Topics in Systematics and Evolution: Bioinformatics for Evolutionary Biology

Daily Assignments

These are the questions selected for marking. Reminder, answers should be <= 1 paragraph in length. Answers should be sent to gregory.lawrence.owens@gmail.com

Questions 2-10 are due on Friday August 9th at 10 am.

  1. NO QUESTION

  2. What is one task you’d rather use an R script instead of a shell script? Why? What is one task you’d rather use a shell script, instead of an R script? Why?

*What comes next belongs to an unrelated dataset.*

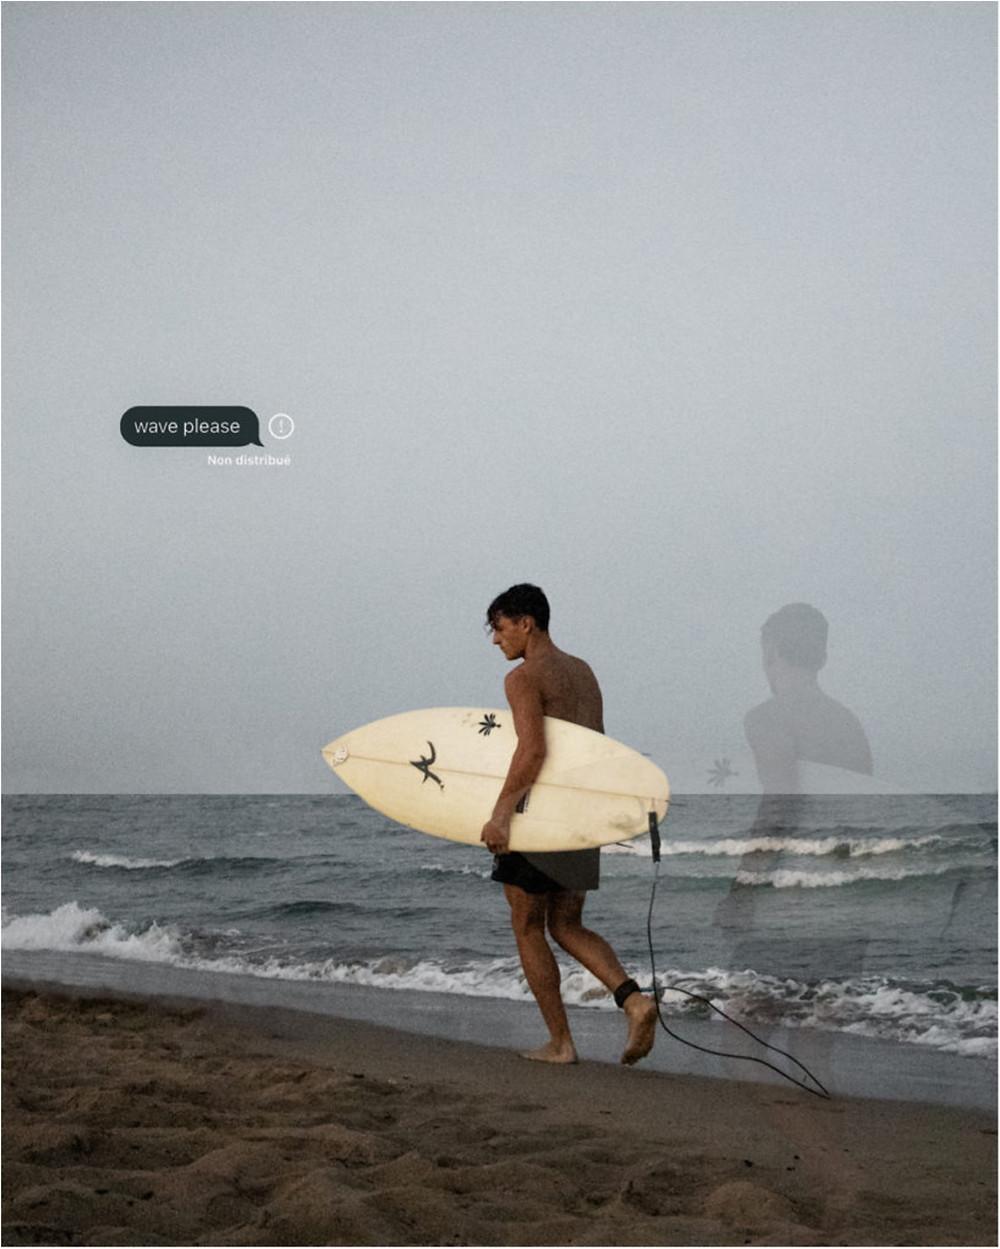 Surfeur au bord de l'eau attendant une vague
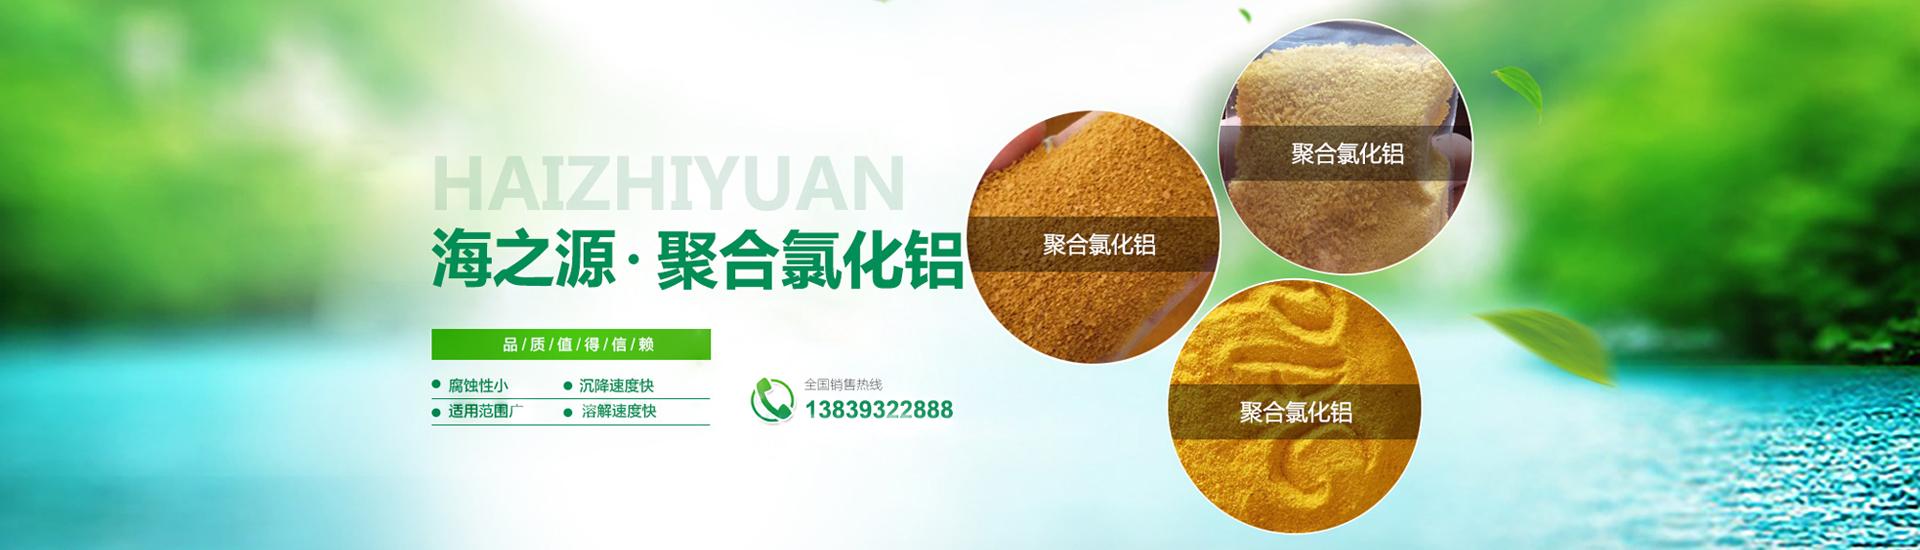 專業提供汕頭商標注冊服務

  3. Try different filtering options for the GBS data (see http://prinseq.sourceforge.net/manual.html for options) and plot QC graphs. Discuss which options you would choose to implement if this was your data and why.

  4. What are two ways that could be used to evaluate which aligner is best?

  5. Quantify the assembly metrics for your first assembly that you ran without any options. Pick different sets of parameters to run. Compare the resulting assemblies and discuss which ones seemed to have improved the assembly and why that might be.

  6. What expression measure would you use to compare gene expression between different genes and why? Is it appropriate to compare the raw expression counts? Can you get more appropriate data from RSEM?

  7. You’re trying to create a very stringent set of SNPs for measuring population structure in a PCA. Based on the site information GATK produces, what filters would you use? Include the actual VCF abbreviations.

  8. For a site that is invariant in both populations (i.e. a locus with no variation), what is Fst?

  9. If you have a dataset of 100 samples and 100,000 SNPs, what is the maximum number of PC axes? PCs can also be called eigenvectors. HINT: Here’s an explanation of PCAs

  10. What does it mean when something has 50% bootstrap support? What are two possible reasons that a node may have low support? Include one biological and one methodological reason.